Now, consider the following ABox \({\mathcal {A}}= \{ R(a,b) \}\). One can verify that \(\textsf{cens}({\mathcal {A}})\) is semantically equivalent to the following infinite set of queries:

$$\begin{aligned} \begin{array}{rl} \{&{} P(a,b), \\ &{}\exists x,y.P(a,x) \wedge P(x,y),\\ &{}\exists x,y.P(x,b) \wedge P(b,y),\\ &{} \exists x,y,z.P(a,x) \wedge P(x,y) \wedge P(y,z),\\ &{} \exists x,y,z.P(x,b) \wedge P(b,y) \wedge P(y,z),\\ &{} \exists x,y,z,w.P(a,x) \wedge P(x,y) \wedge P(y,z) \wedge P(z,w),\\ &{} \exists x,y,z,w.P(x,b) \wedge P(b,y) \wedge P(y,z) \wedge P(z,w), \\ &{} \ldots \ \}. \end{array} \end{aligned}$$

It is easy to see that, for each natural number \(k \ge 1\), if we let \(\mathcal{S} _k\) be the set of all queries of length at most k (i.e., with at most k atoms in their body), then there exists a query \(q' \in \textsf{cens}({\mathcal {A}})\) of length \(k+1\) such that \(\mathcal{S} _k \not \models q'\). By construction, it easily follows that no finite subset \(\mathcal{S}\) of \(\textsf{cens}({\mathcal {A}})\) exits such that \({\mathcal {T}}\cup \mathcal{S} \models q\) if and only if \({\mathcal {T}}\cup \textsf{cens}({\mathcal {A}}) \models q\), for each BCQ q. \(\square\)

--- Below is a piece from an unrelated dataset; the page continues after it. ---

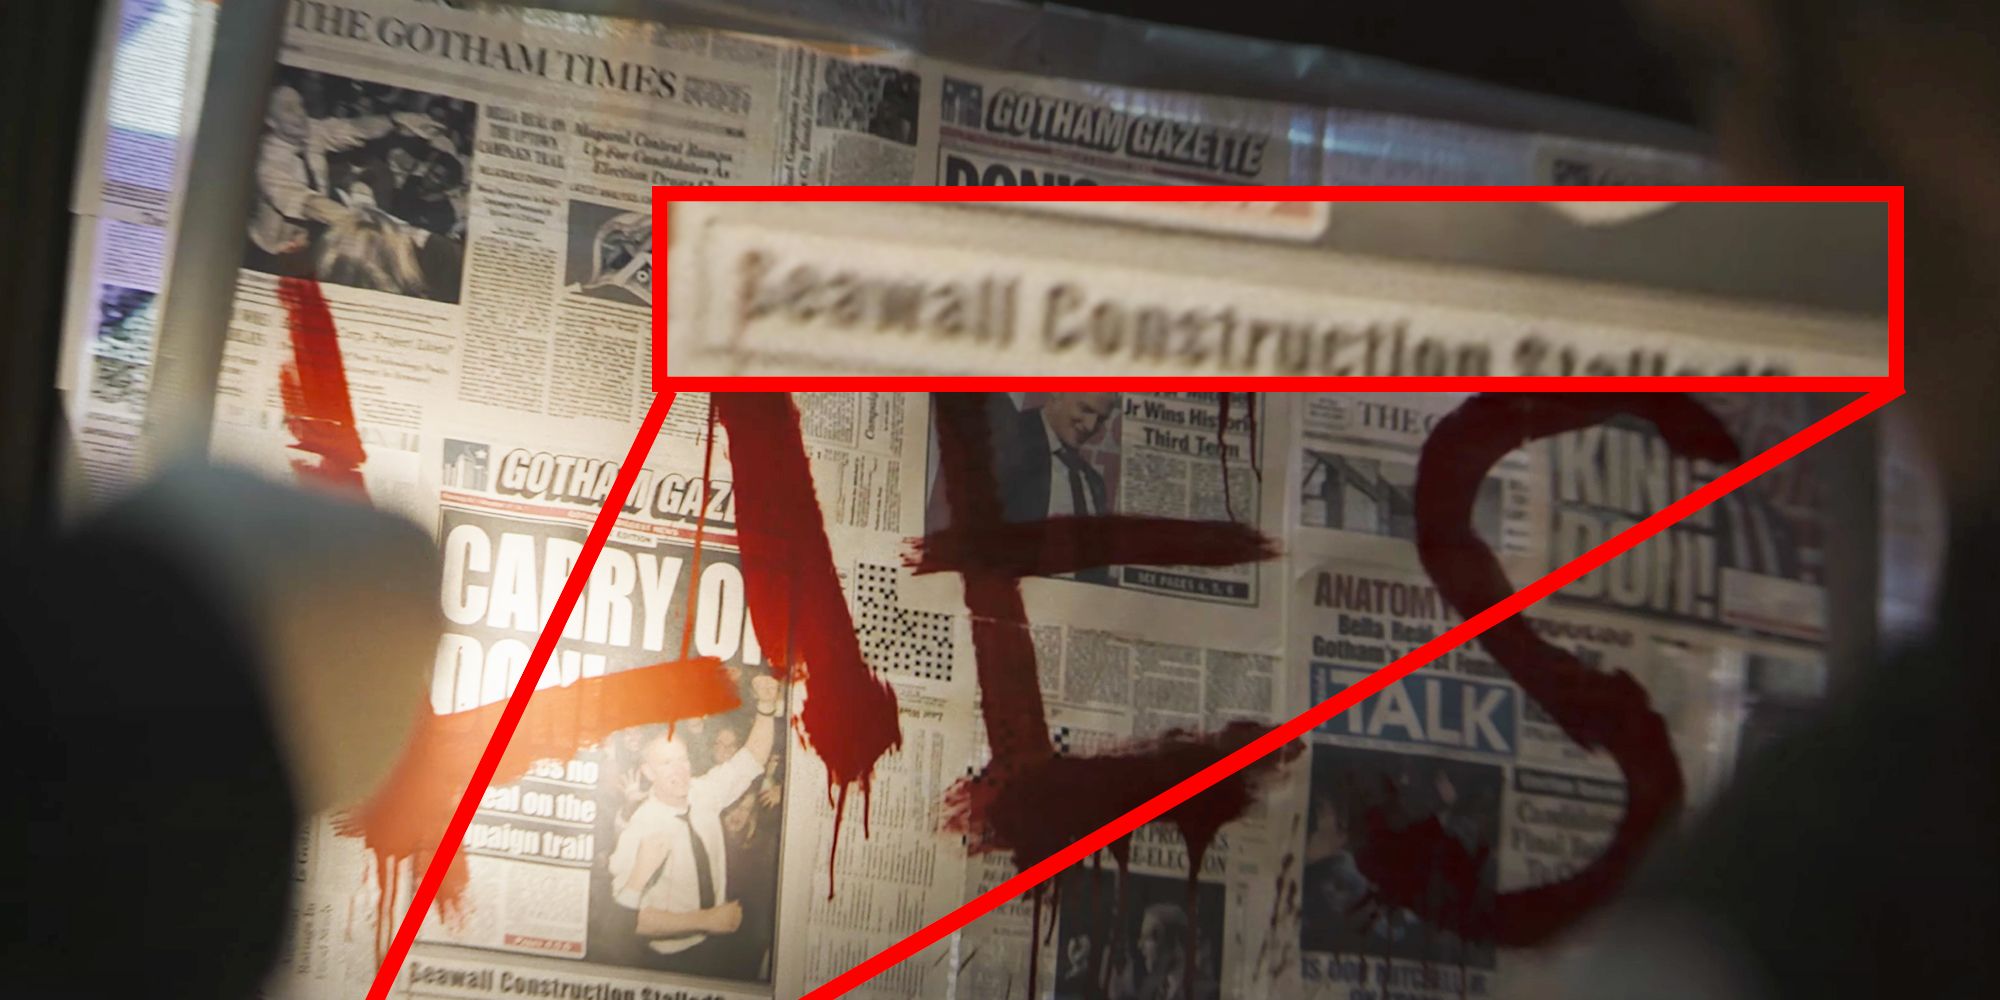 A Still from The Batman Trailer shows a sub headline on a newspaper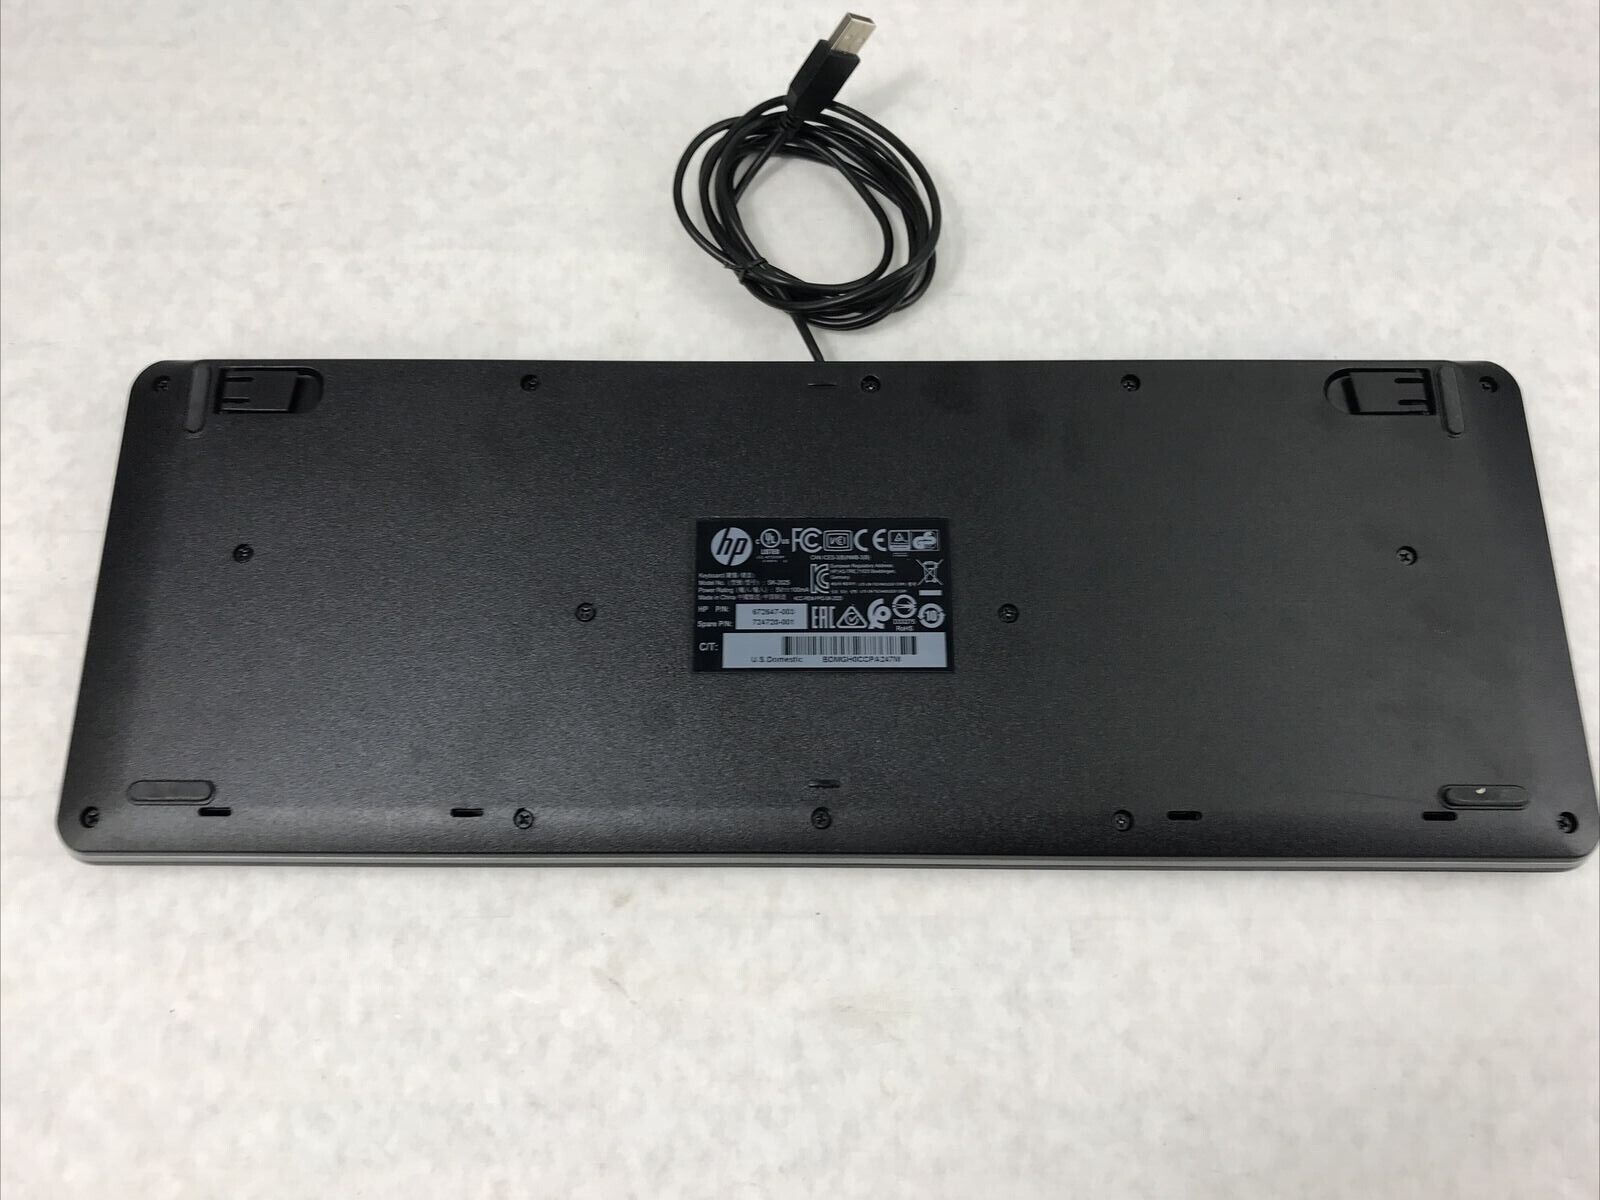 HP 672647-003 KU-1156 Black Wired Standard USB Desktop Keyboard

We further observe that, in the above proof, \(\textsf{cens}(\cdot )\) is the only optimal CQ censor for \({\mathcal {J}}\). Then it coincides with the ICQ censor for \({\mathcal {J}}\). Thus, the result holds also for the ICQ censor case.

Another important property of censors that is often addressed in the CQE literature is the so-called indistinguishability. The idea behind this property is that to preserve the confidentiality of a CQE instance \(\langle {\mathcal {J}},{\mathcal {A}}\rangle\), there must exist an ABox \({\mathcal {A}}'\) that contains no sensitive information and is indistinguishable from \({\mathcal {A}}\) in the eyes of the user. The formal definition is given below.

Definition 6

Let \({\mathcal {J}}= \langle {\mathcal {T}},\mathcal{P} \rangle\) be a CQE specification. A CQ censor \(\textsf{cens}(\cdot )\) for \({\mathcal {J}}\) satisfies the indistinguishability property if, for each ABox \({\mathcal {A}}\), there exists an ABox \({\mathcal {A}}'\) such that (i) \({\mathcal {T}}\cup \mathcal{P} \cup {\mathcal {A}}'\) is consistent and (ii) \(\textsf{cens}({\mathcal {A}}) = \textsf{cens}({\mathcal {A}}')\).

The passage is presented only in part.